I believe you're saying the same thing as huda.

For example, I believe you're both saying G1 and G2 are indistinguishable (identical). The same applies to R1 and R2

_ _ _ _

Experiment1: Choose a G for the first slot
Experiment2: Choose an R for the last slot
Experiment3: Choose a letter from the remaining for the third slot
Experiment4: Choose a letter from the remaining for the fourth slot

We have 2 G's and 2 R's

Total Outcome in Experiment1: 2
Total Outcome in Experiment2: 2
Total Outcome in Experiment3: 8
Total Outcome in Experiment4: 7

We use principle of counting

Total outcomes= 2*2*8*7

But we need to divide by (2*2), because we can't distinguish the two G's or R's if the words contain two of them.

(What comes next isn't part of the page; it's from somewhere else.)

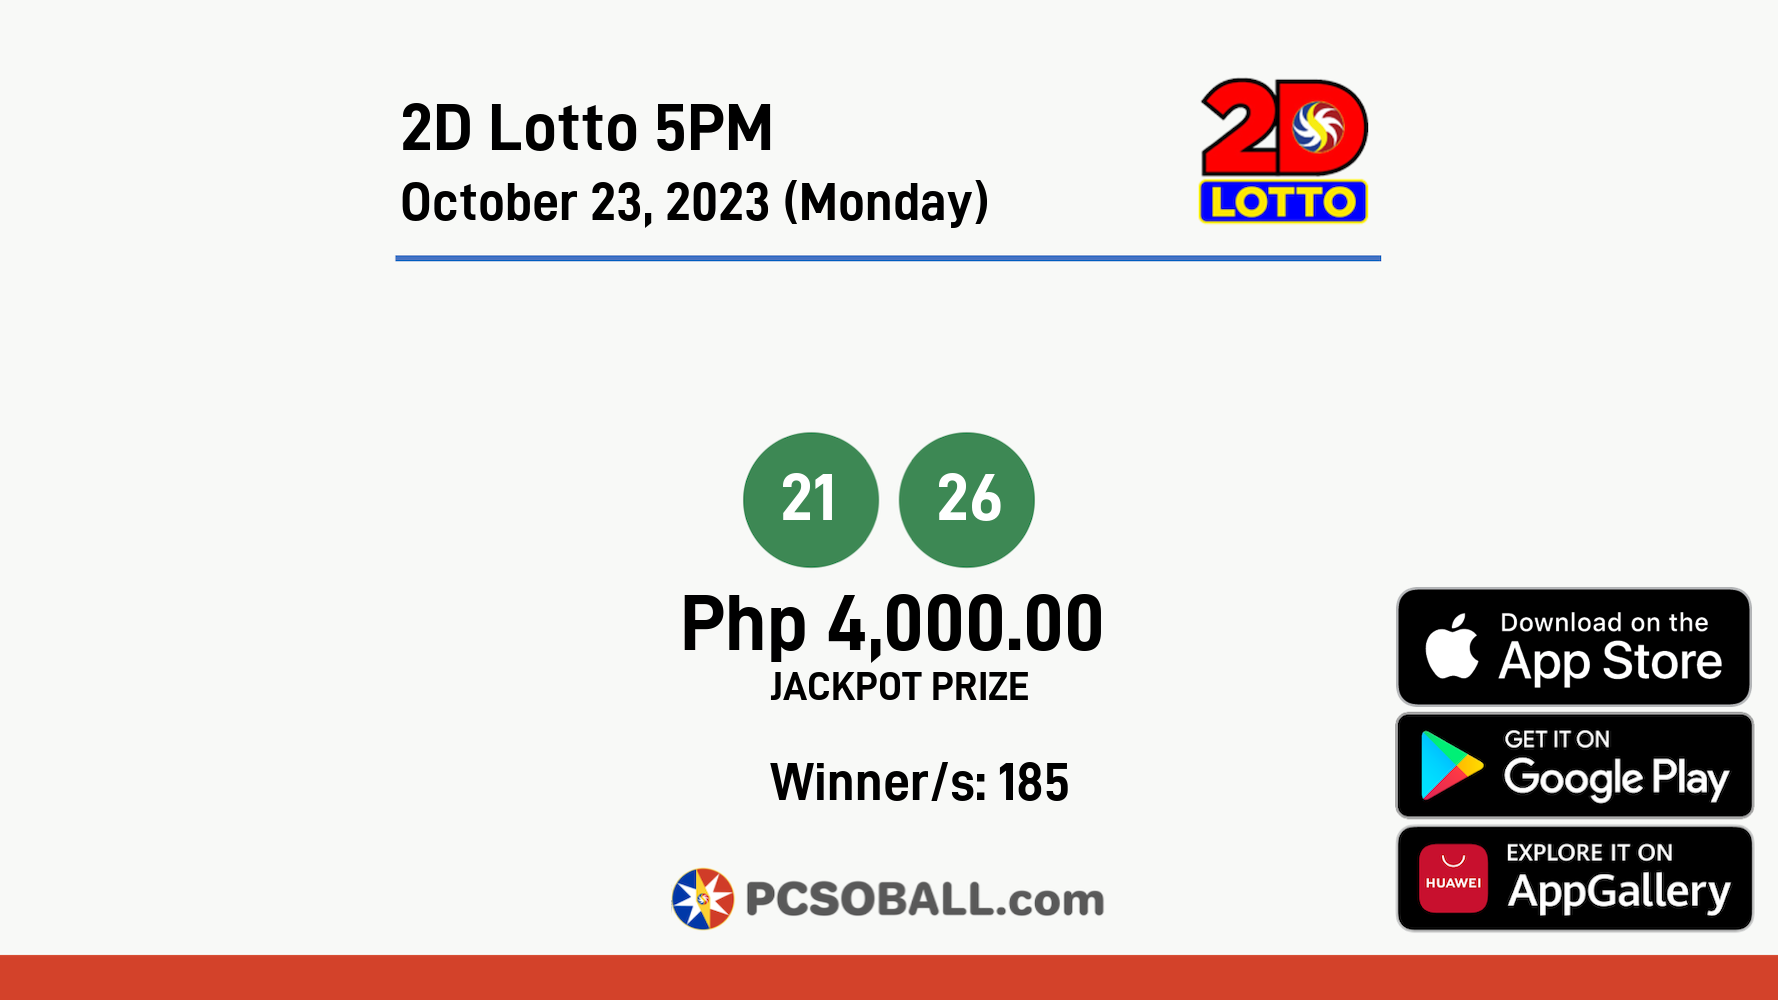 2D Lotto 5PM October 23, 2023 (Monday) Result

Total outcomes= (2*2*8*7)/(2*2)= 8*7

8P2= 8!/(8-2)!= 8!/6!= 8*7

Final Answer: A

A way to do it is:

G _ _ R

With 1 G and 1 R already used, you have one of the 8 letters that can fill the first blank and one of 7 letters can fill the second blank.

So, G 8 7 R. So you can arrange the letters in 8*7 ways.

8P2 = 8*7 = 56.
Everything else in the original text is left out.